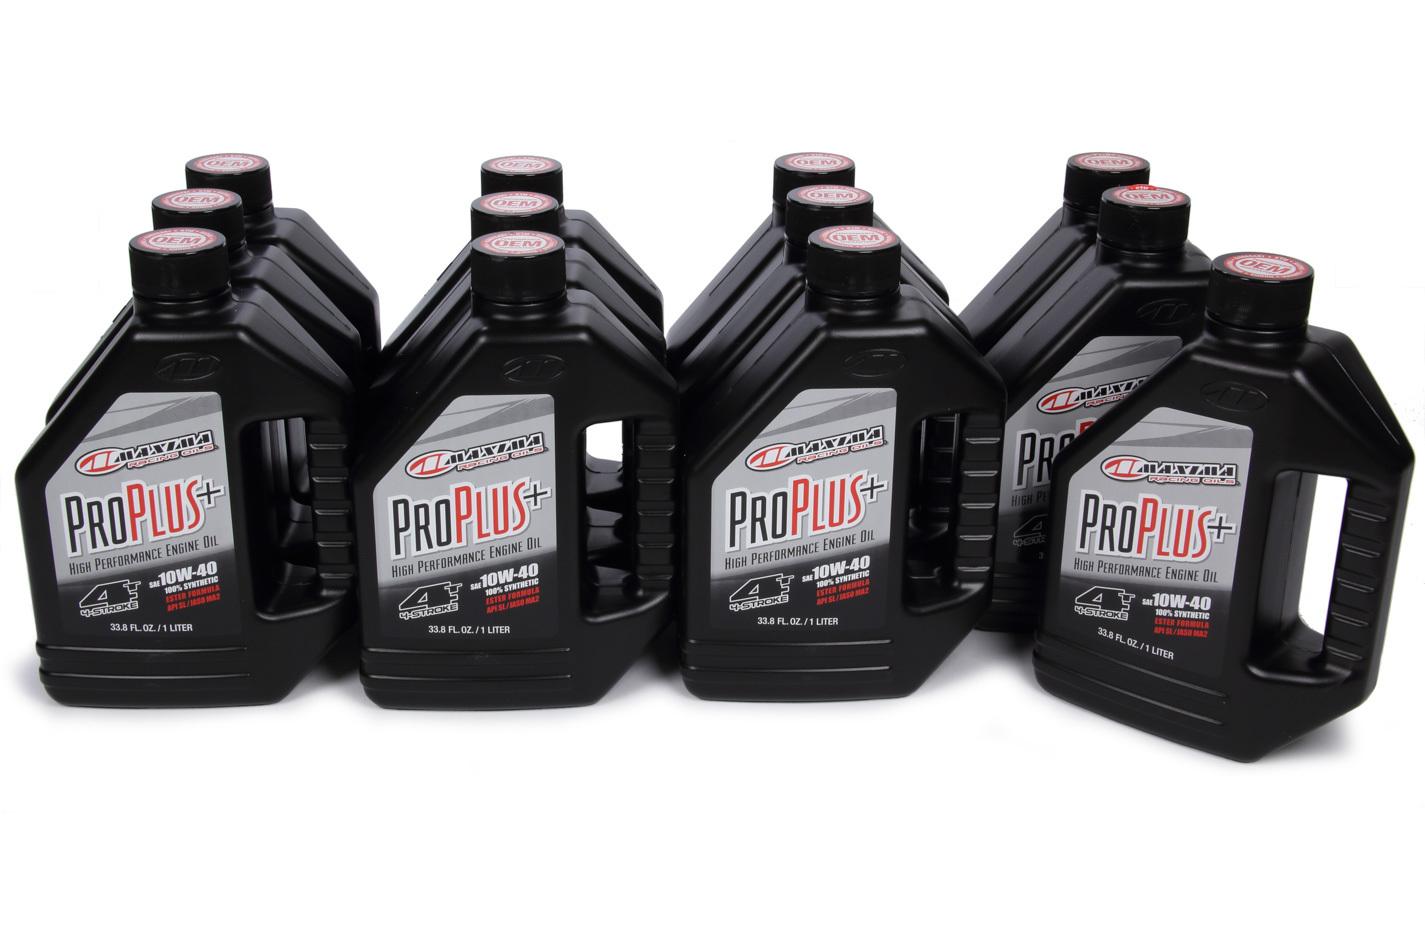 Pro Plus+ 10w40 Syntheti c Case 12 x 1 Liter
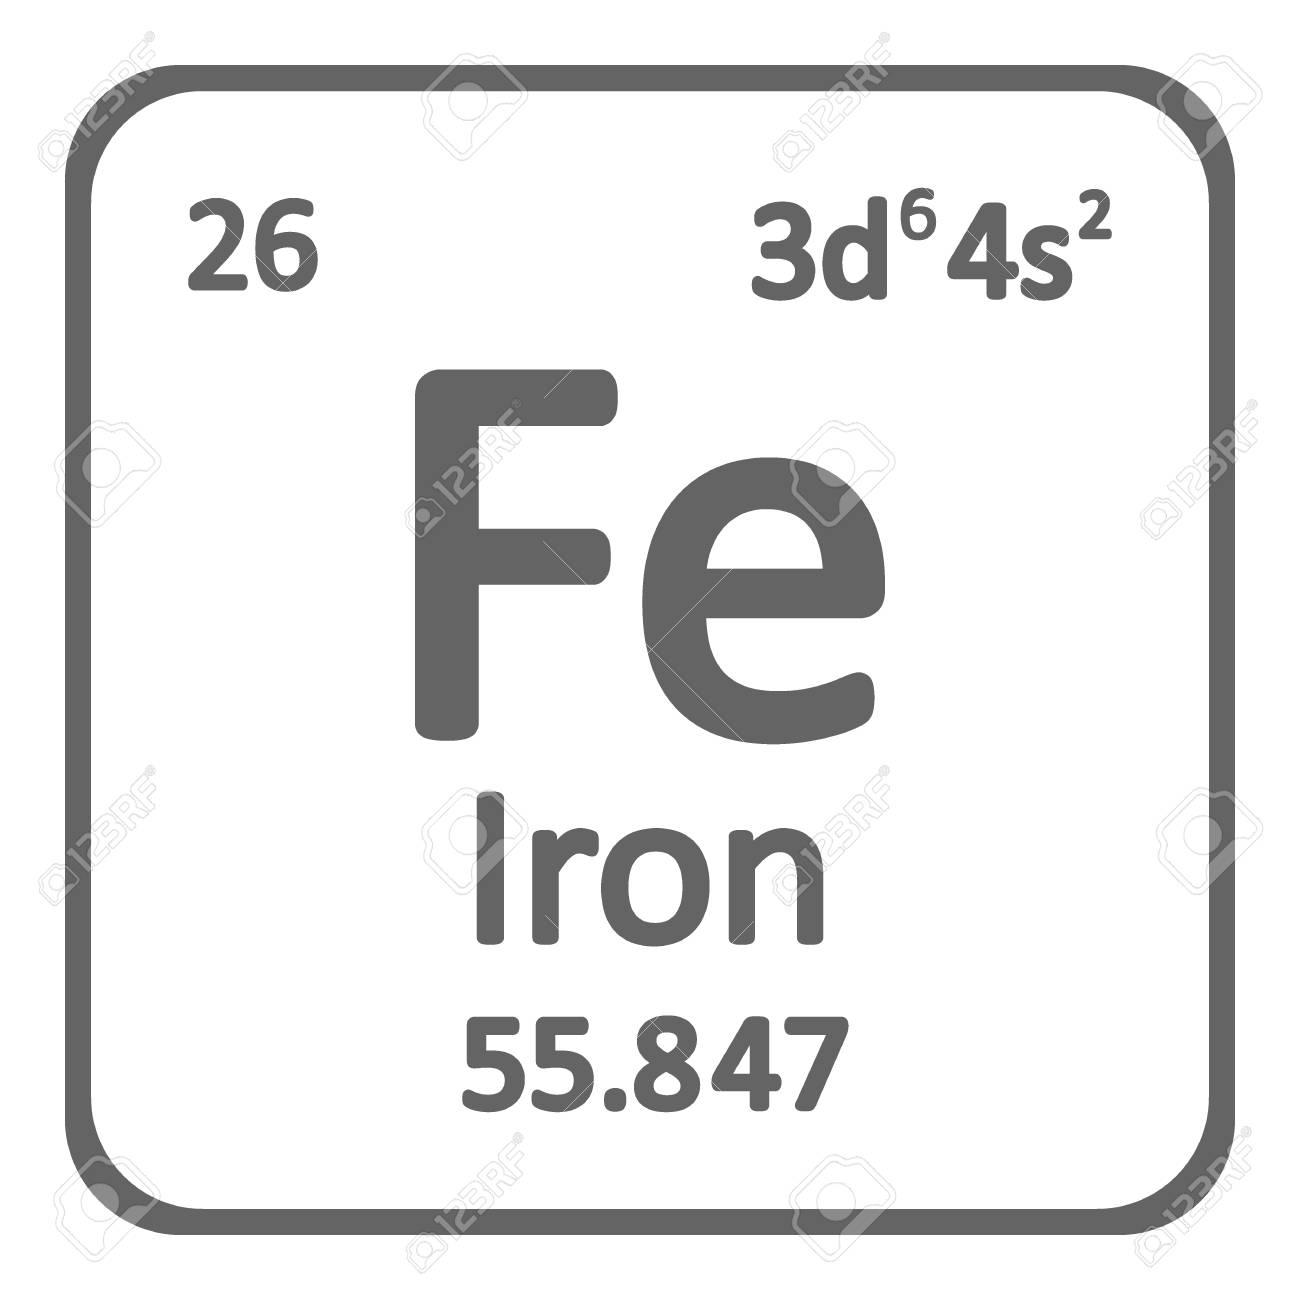 Periodic table element iron icon on white background. Vector illustration. - 104391271
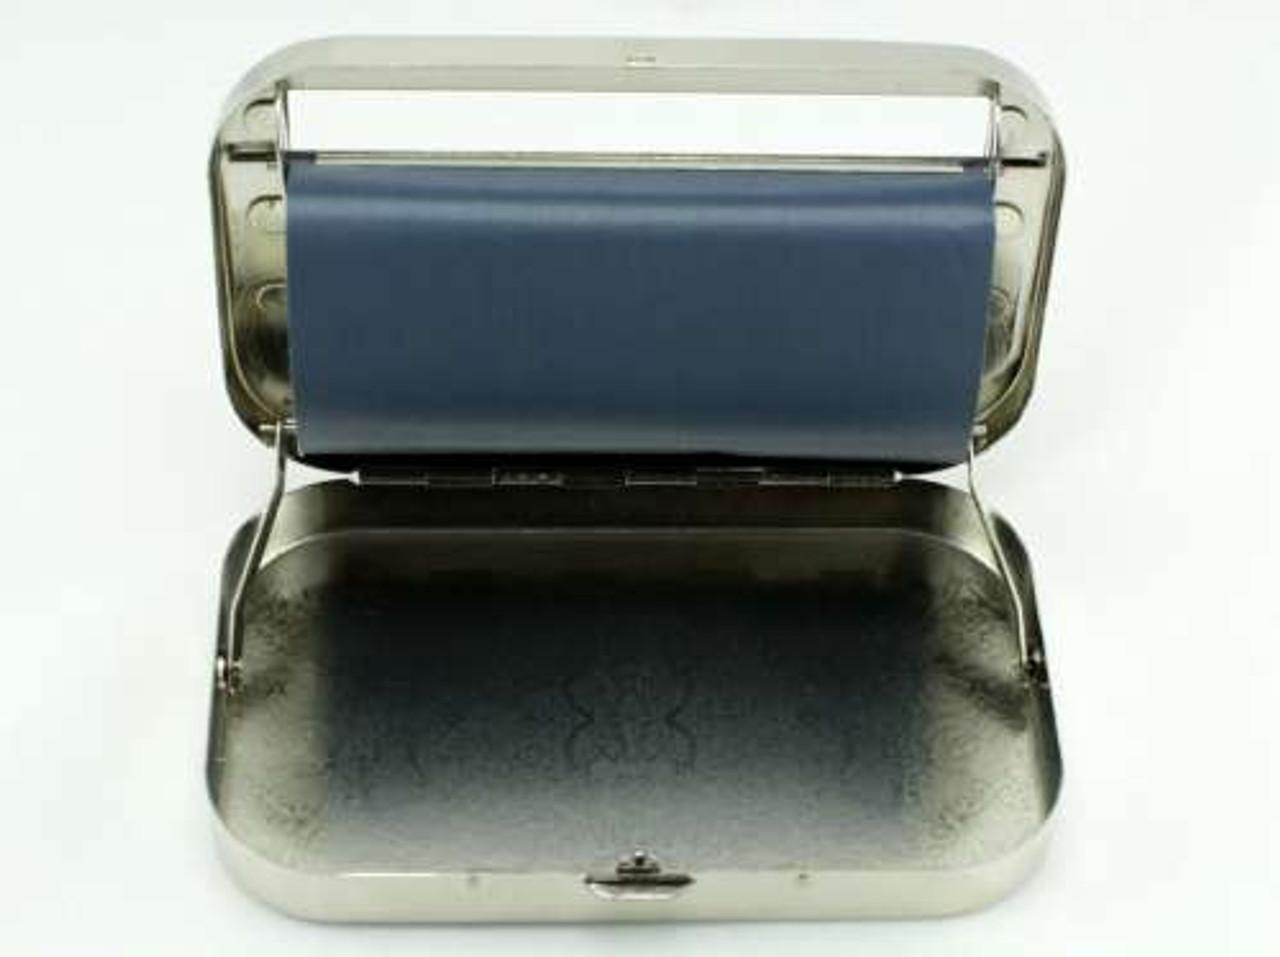 Silver Sunburst 110mm Automatic Cigarette Roller
*-*-*
**WHAT THE TASK ASKS**
A word-for-word copy of all the data is required, minus the pictures.

**RESULT OF THIS TASK**
 Pro Plus+ 10w40 Syntheti c Case 12 x 1 Liter
 Periodic table element iron icon on white background. Vector illustration. - 104391271
 Silver Sunburst 110mm Automatic Cigarette Roller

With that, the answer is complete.